Each line from the top of the listing through the one holding "5.jpgikea-wiesenblumen-einrichtung-blumenkranz-binden-diy_5" should be restated word for word, with nothing added and no pictures.

# DATA EXCERPT:
== == ==

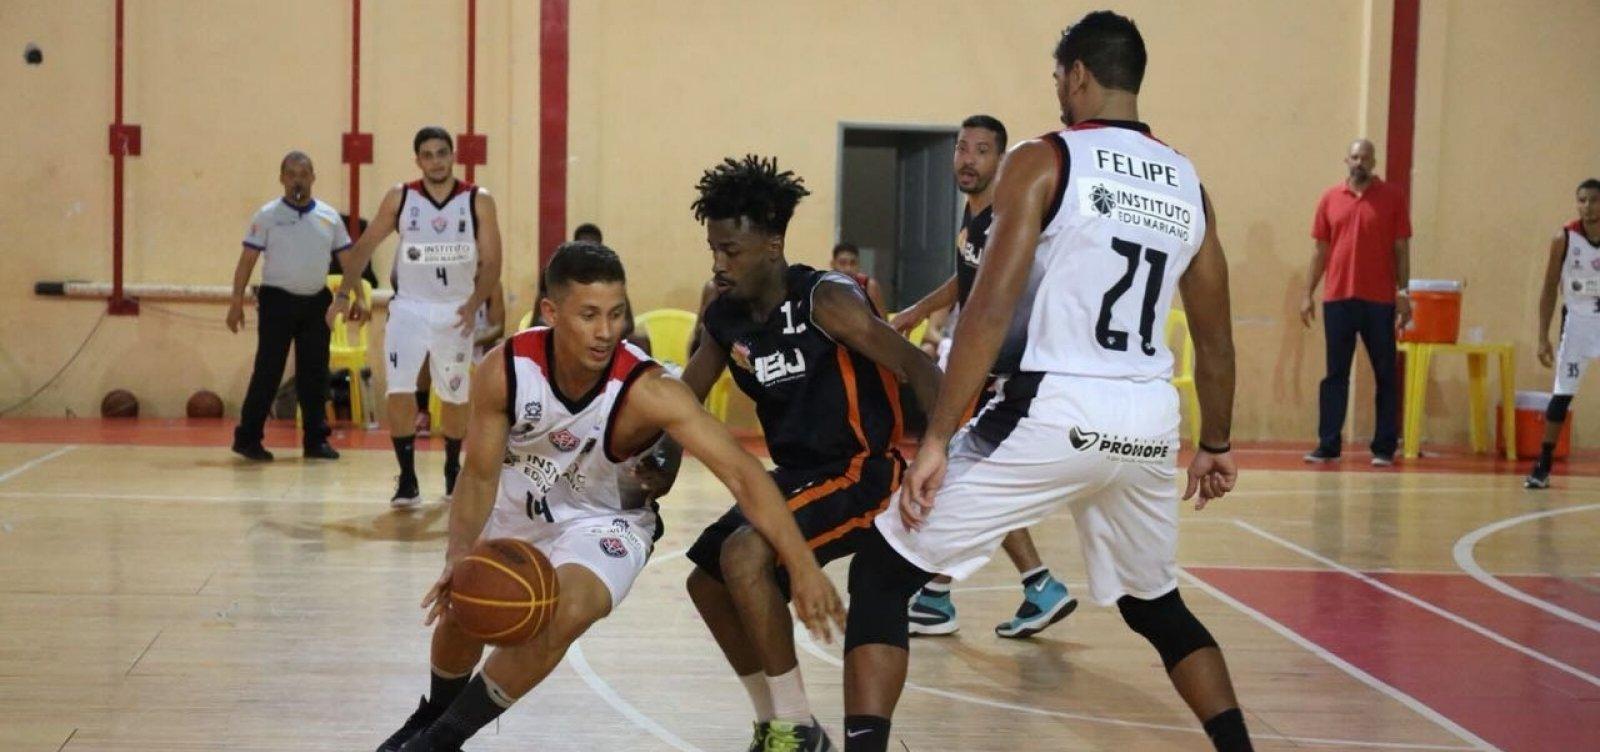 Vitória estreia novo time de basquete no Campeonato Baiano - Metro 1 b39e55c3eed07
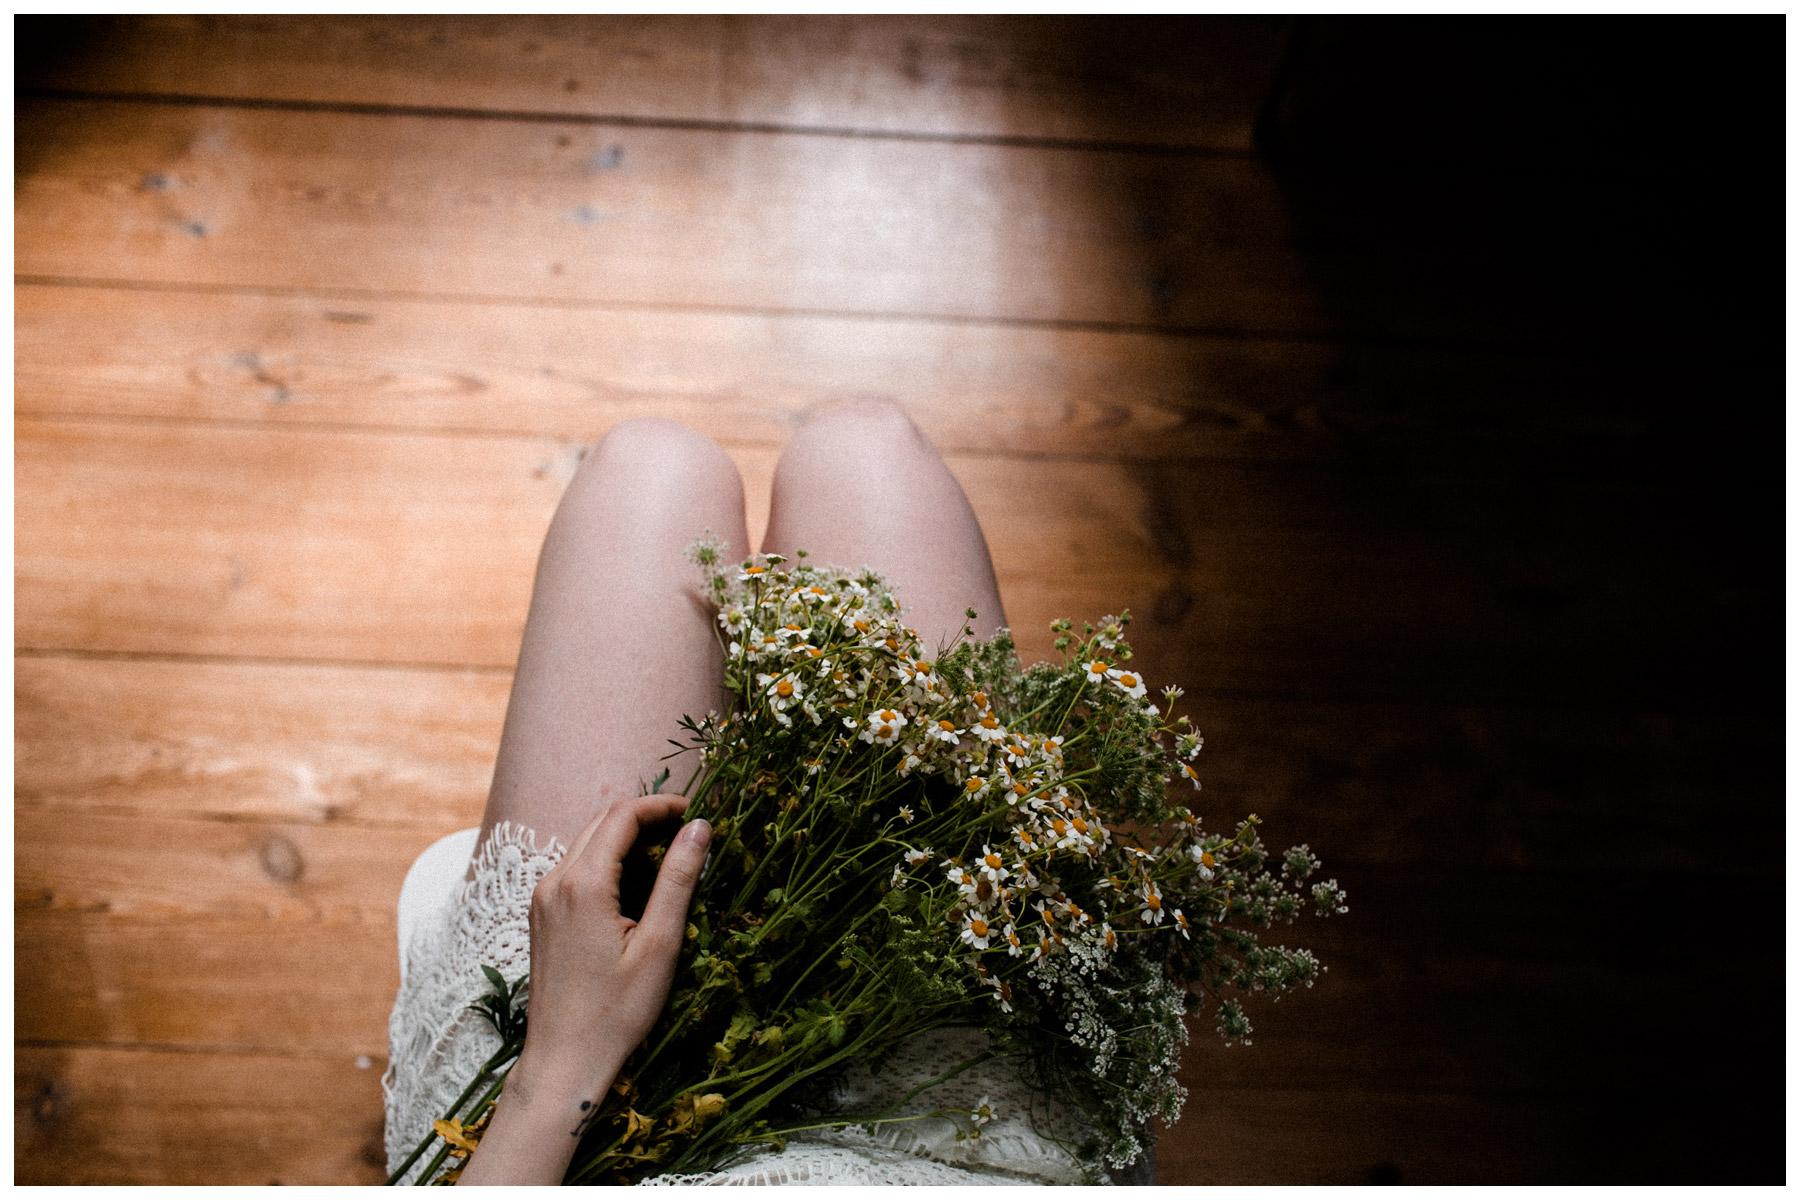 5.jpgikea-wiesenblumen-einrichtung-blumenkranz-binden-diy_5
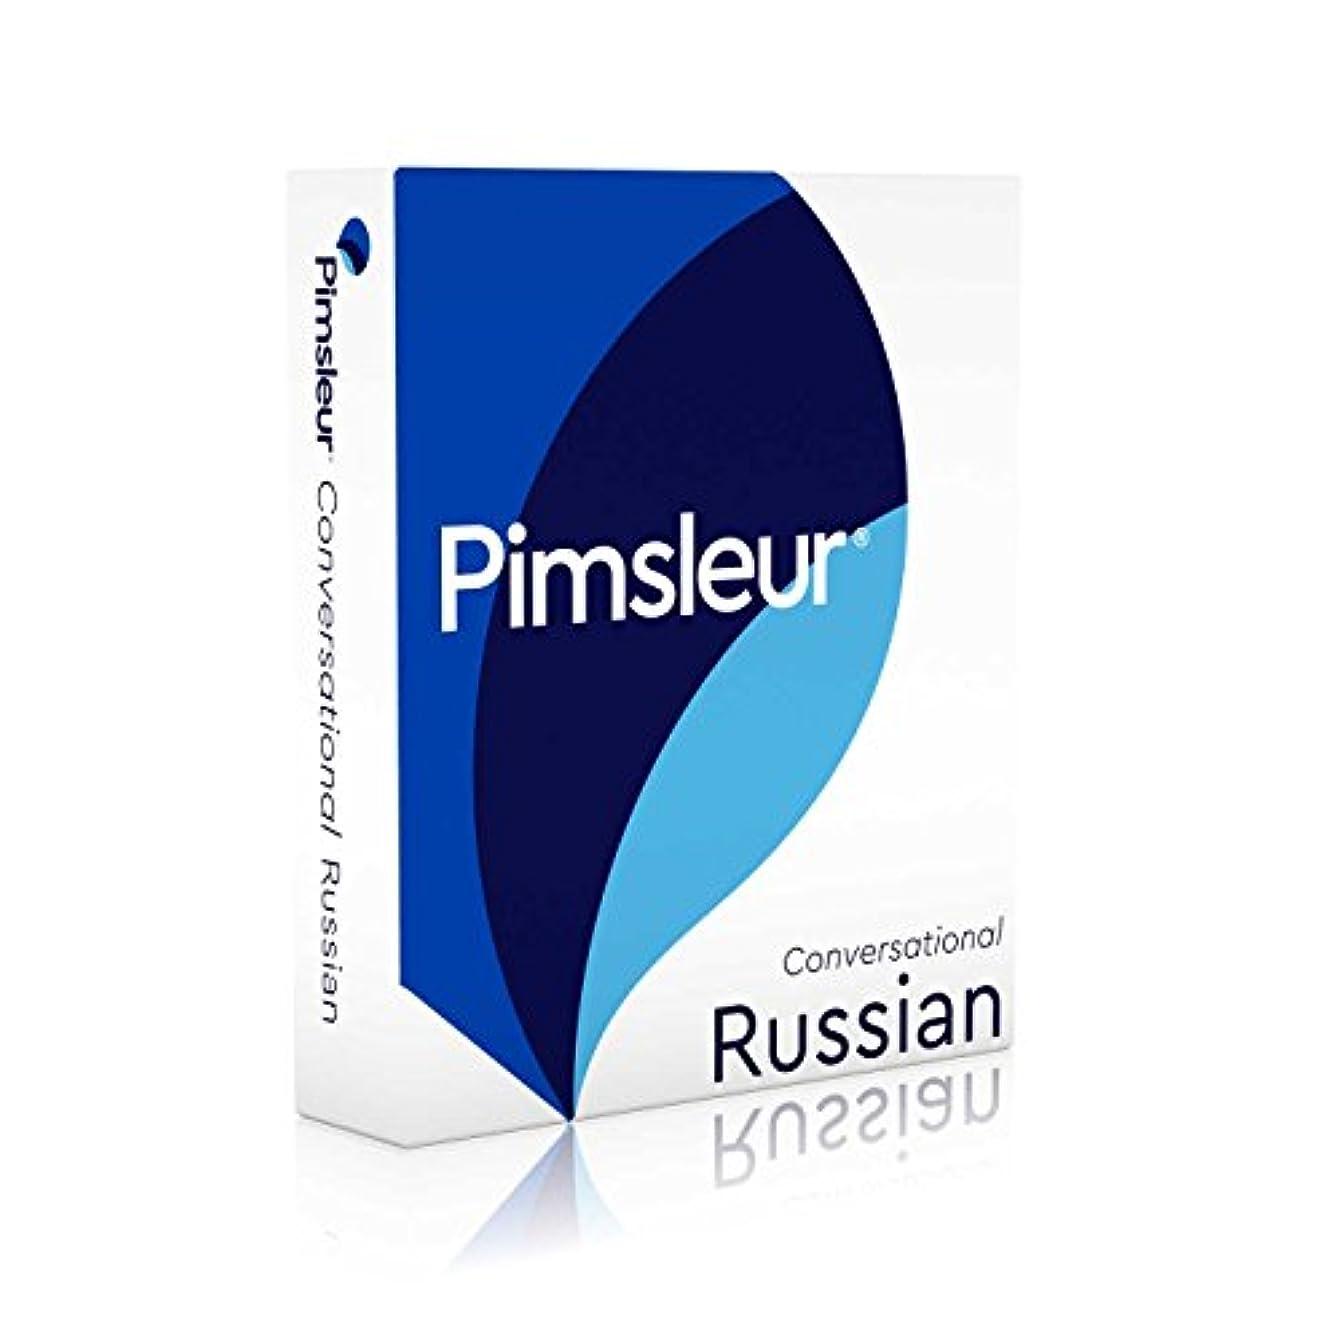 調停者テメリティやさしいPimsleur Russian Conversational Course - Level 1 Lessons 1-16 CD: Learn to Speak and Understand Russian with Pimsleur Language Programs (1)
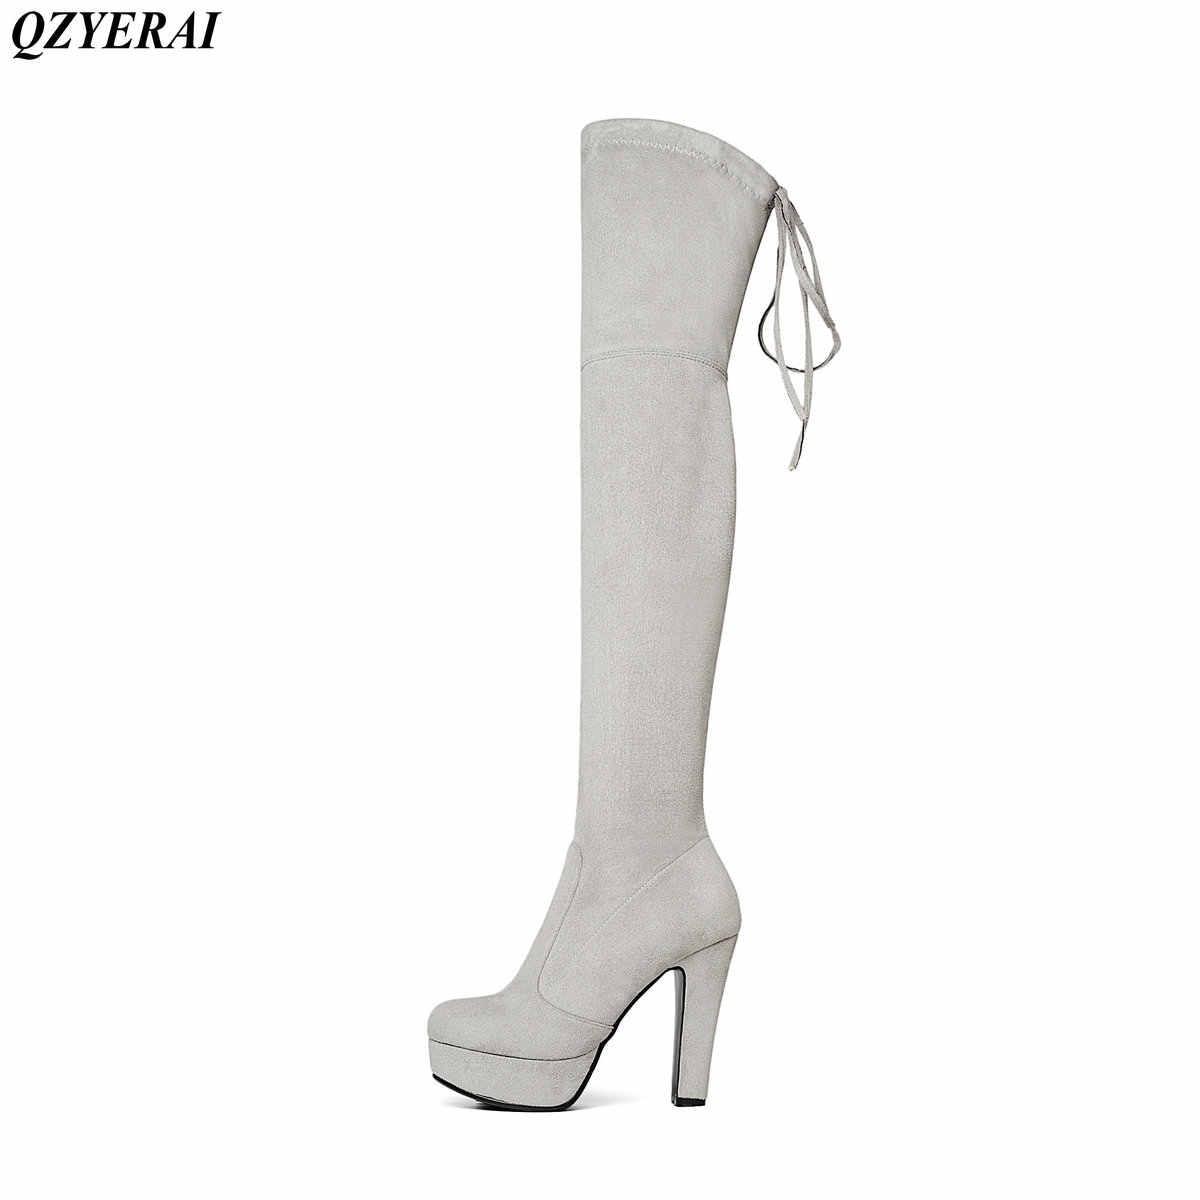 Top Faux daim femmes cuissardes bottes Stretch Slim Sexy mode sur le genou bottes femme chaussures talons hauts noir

== == ==

# ANSWER FOR THE TASK:
 Vitória estreia novo time de basquete no Campeonato Baiano - Metro 1 b39e55c3eed07
 5.jpgikea-wiesenblumen-einrichtung-blumenkranz-binden-diy_5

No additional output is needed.